Let's break down the problem.

Part (a)

You are asked to compute the standard deviation, $s$, for the data set: $5, 15, 13, 7, 11$ The standard deviation formula is: $s = \sqrt{\frac{\sum (x_i - \bar{x})^2}{n-1}}$ where:

• $x_i$ are the data points,
• $\bar{x}$ is the mean of the data points,
• $n$ is the number of data points.

Let me compute this step by step:

1. Data points: 5, 15, 13, 7, 11

2. Mean ($\bar{x}$): $\bar{x} = \frac{5 + 15 + 13 + 7 + 11}{5} = \frac{51}{5} = 10.2$

3. Deviation from mean: Subtract the mean from each data point:

   • $5 - 10.2 = -5.2$
   • $15 - 10.2 = 4.8$
   • $13 - 10.2 = 2.8$
   • $7 - 10.2 = -3.2$
   • $11 - 10.2 = 0.8$

4. Square the deviations:

   • $(-5.2)^2 = 27.04$
   • $(4.8)^2 = 23.04$
   • $(2.8)^2 = 7.84$
   • $(-3.2)^2 = 10.24$
   • $(0.8)^2 = 0.64$

5. Sum of squares: $27.04 + 23.04 + 7.84 + 10.24 + 0.64 = 68.8$

6. Divide by $n - 1$ (degrees of freedom): $\frac{68.8}{4} = 17.2$

7. Standard deviation: $s = \sqrt{17.2} \approx 4.147$

So the correct standard deviation for part (a) is approximately 4.147.

Part (b)

You are asked to add 8 to each data value, giving a new data set: $13, 23, 21, 15, 19$ Let's compute the new standard deviation.

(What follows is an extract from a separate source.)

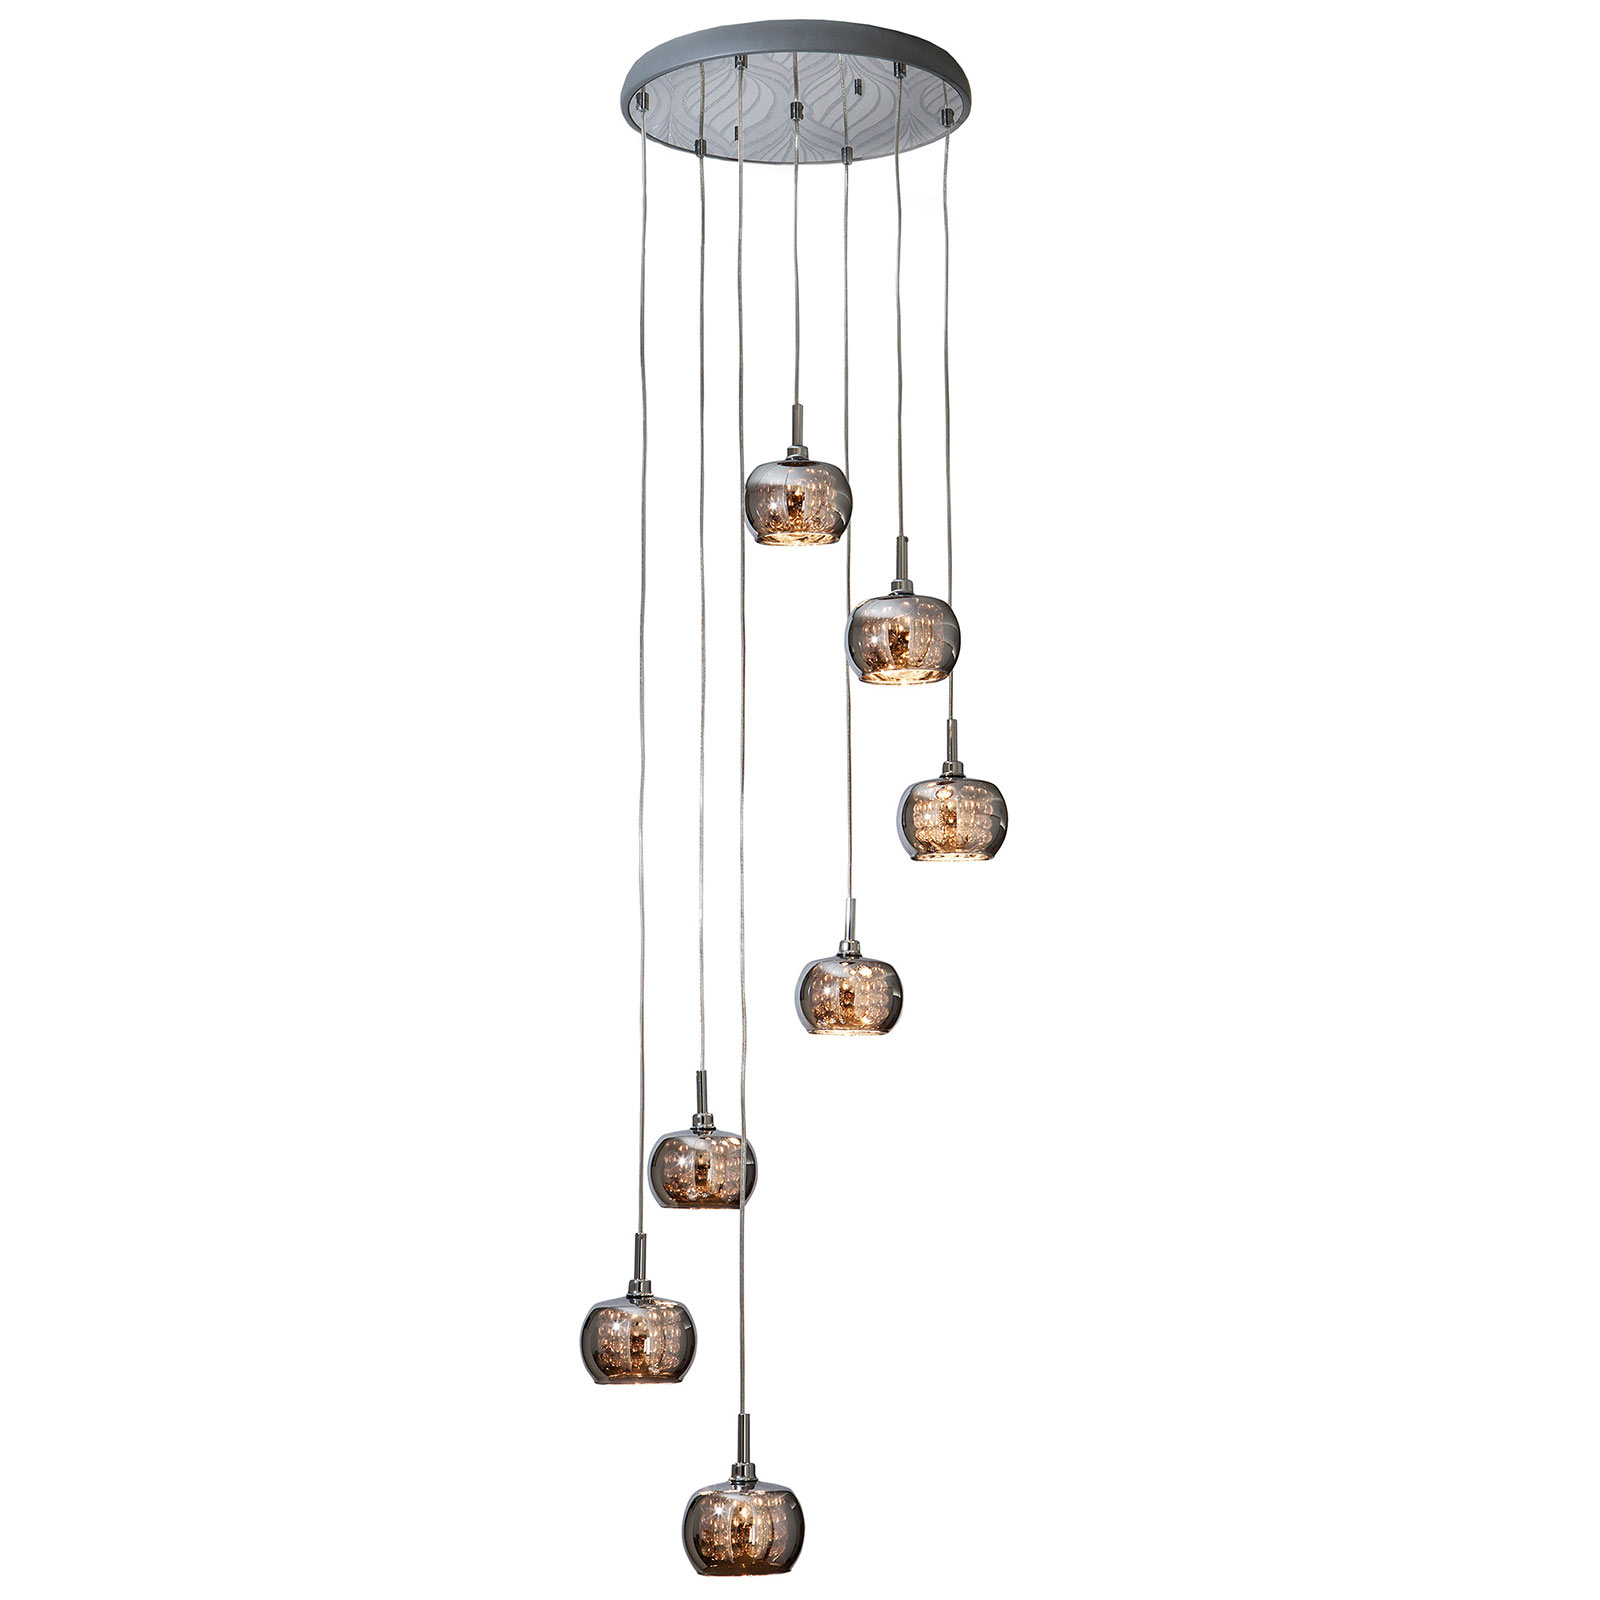 Arian LED hanging light with crystals, 7-bulb

1. New data points: 13, 23, 21, 15, 19

2. New mean: $\bar{x} = \frac{13 + 23 + 21 + 15 + 19}{5} = \frac{91}{5} = 18.2$

3. Deviation from the new mean:

   • $13 - 18.2 = -5.2$
   • $23 - 18.2 = 4.8$
   • $21 - 18.2 = 2.8$
   • $15 - 18.2 = -3.2$
   • $19 - 18.2 = 0.8$

4. Square the deviations (same as before, because adding a constant doesn't change deviations):

   • $(-5.2)^2 = 27.04$
   • $(4.8)^2 = 23.04$
   • $(2.8)^2 = 7.84$
   • $(-3.2)^2 = 10.24$
   • $(0.8)^2 = 0.64$

5. Sum of squares: The same, $68.8$.

6. Divide by $n - 1$: $\frac{68.8}{4} = 17.2$

7. New standard deviation: $s = \sqrt{17.2} \approx 4.147$

So the correct standard deviation for part (b) is also 4.147.

Part (c)

The correct conclusion is that adding the same constant to each data value does not change the standard deviation. Therefore, the correct answer to the question is:

• "Adding the same constant $c$ to each data value results in the standard deviation remaining the same."

Let me know if you want more details or if you have questions!

Here are 5 related questions to expand your understanding:

1. How does multiplying each data point by a constant affect the standard deviation?
2. Why does adding a constant to each data point leave the standard deviation unchanged?
3. Can standard deviation ever be negative? Why or why not?
4. What is the relationship between variance and standard deviation?
5. How does standard deviation differ from range as a measure of variability?

Tip: Always remember that standard deviation measures the spread of data around the mean. Adding a constant shifts the entire dataset without affecting the spread.